Fake news. Paolo Fallai, diffidare sempre, a costo di essere antipatici
La ricetta del presidente di Biblioteche di Roma al corso di formazione organizzato con Ossigeno. Cosa possono fare i giornalisti per distinguere fra vero e falso
Questa relazione di Paolo Fallai, giornalista e presidente di Biblioteche di Roma, è stato pronunciato martedì 12 giugno 2018, a Roma, in apertura del corso di formazione deontologico che ha avuto per tema il modo in cui lettori e giornalisti possono difendersi dalle fake news. Le altre relazioni sono state svolte da Giuseppe F. Mennella e da Alberto Spampinato. Il convegno si è svolto a Roma, in Via Ulisse Aldrovandi 16, dalle ore alle 14. Vi hanno partecipato 104 giornalisti registrati.
La consacrazione è di questi giorni. Dal 3 giugno va in onda sulle principali televisioni lo spot della nuova compagnia telefonica Iliad. Lo spot gioca sul contrasto tra “vero” e “falso”, mettendo in risalto le apparenze e la realtà dei fatti. Una frecciatina velenosa verso tutti gli operatori di telefonia che, sotto le sembianze di imperdibili sconti e offerte, approfittando di cavilli burocratici e costi nascosti, hanno nel tempo regalato spiacevoli sorprese agli utenti italiani.
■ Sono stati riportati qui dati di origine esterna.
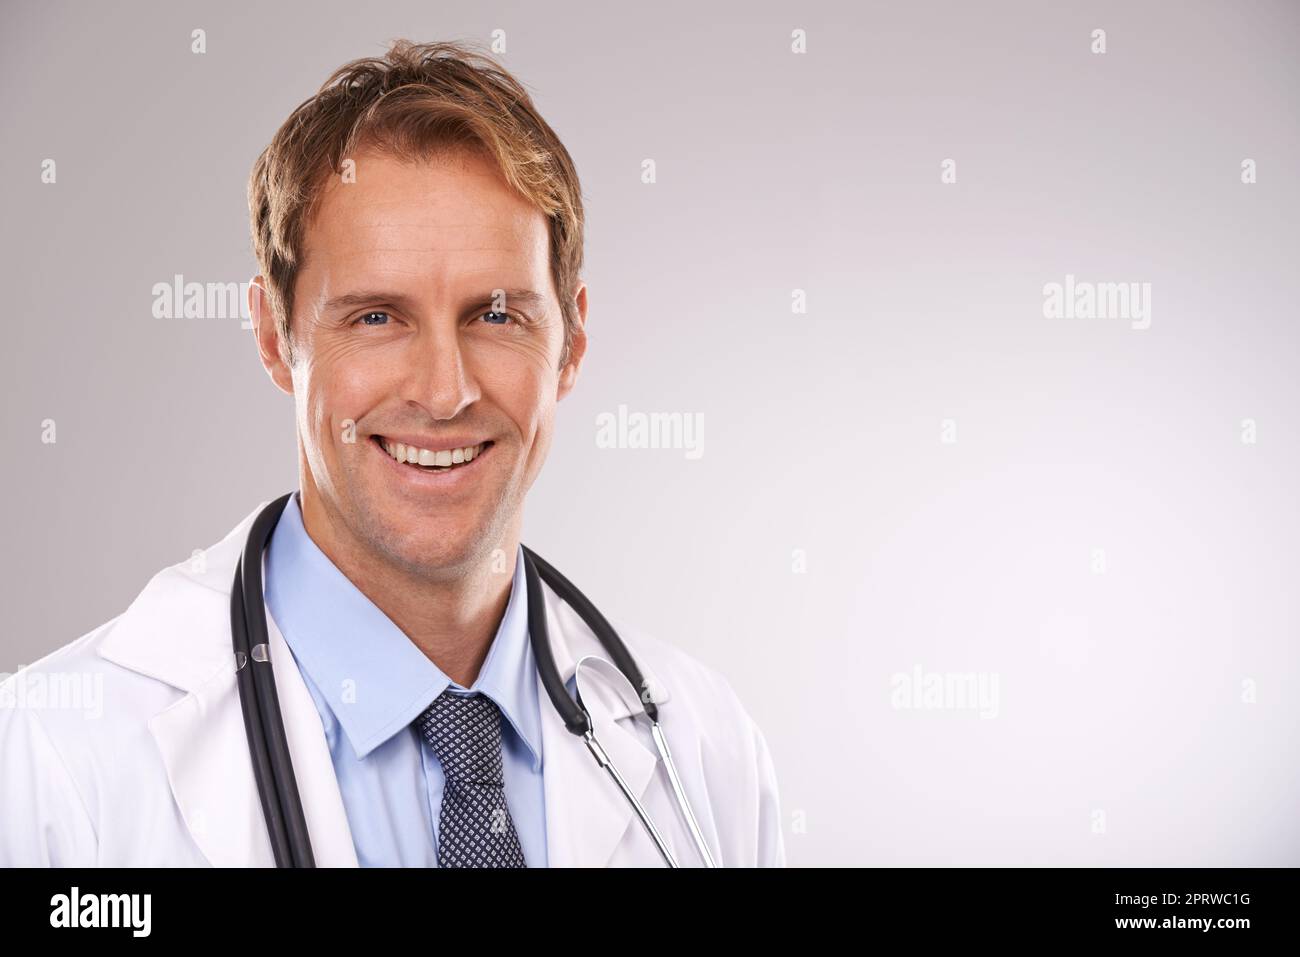 Your health makes him happy. Cropped studio portrait of a handsome young male doctor. Stock Photo
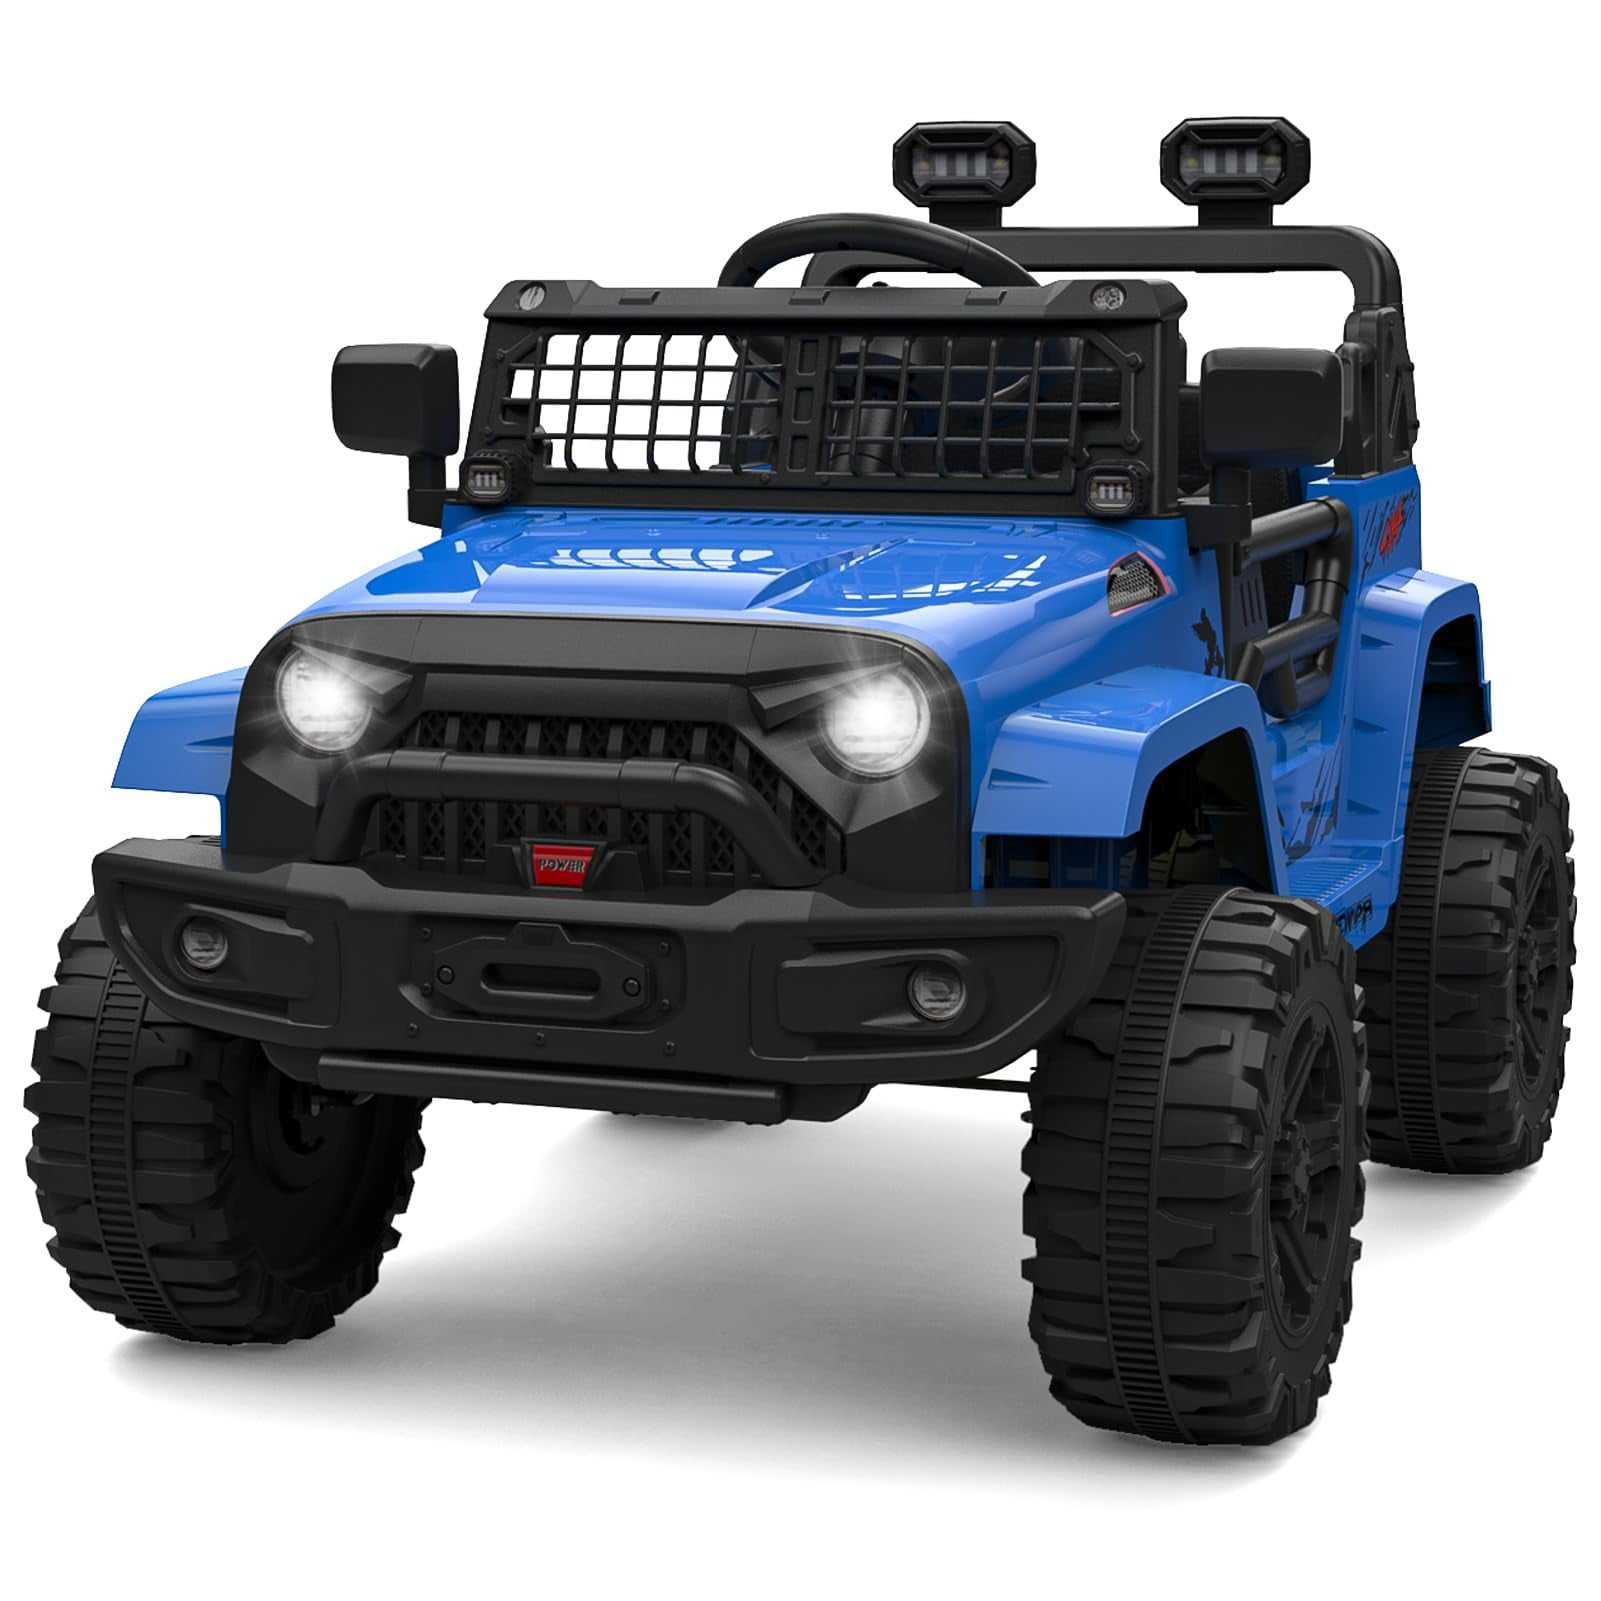 Ride on Truck Car 12V Kids Electric Mini Jeep with Remote Control Spring Suspension, LED Lights, Bluetooth, 2 Speeds (Blue) - image 1 of 8

Non ho usato con leggerezza la parola consacrazione: questo spot rappresenta la legittimazione, il riconoscimento generale che il rapporto vero/falso, la veicolazione di informazioni non corrette, sono una caratteristica del nostro tempo. Un fenomeno talmente presente nelle nostre vite da poter essere utilizzato dalla pubblicità come esempio negativo, nella convinzione che la gran massa dei consumatori avrebbe capito al volo.
Quindi l’invasione delle fake news, l’alluvione della post verità che avrebbe sommerso le nostre certezze, annegandoci in un mare di informazioni senza controllo, è “il” problema del nostro tempo? Proprio no.
Tutta la nostra storia è fatta di informazioni false, di manipolazioni.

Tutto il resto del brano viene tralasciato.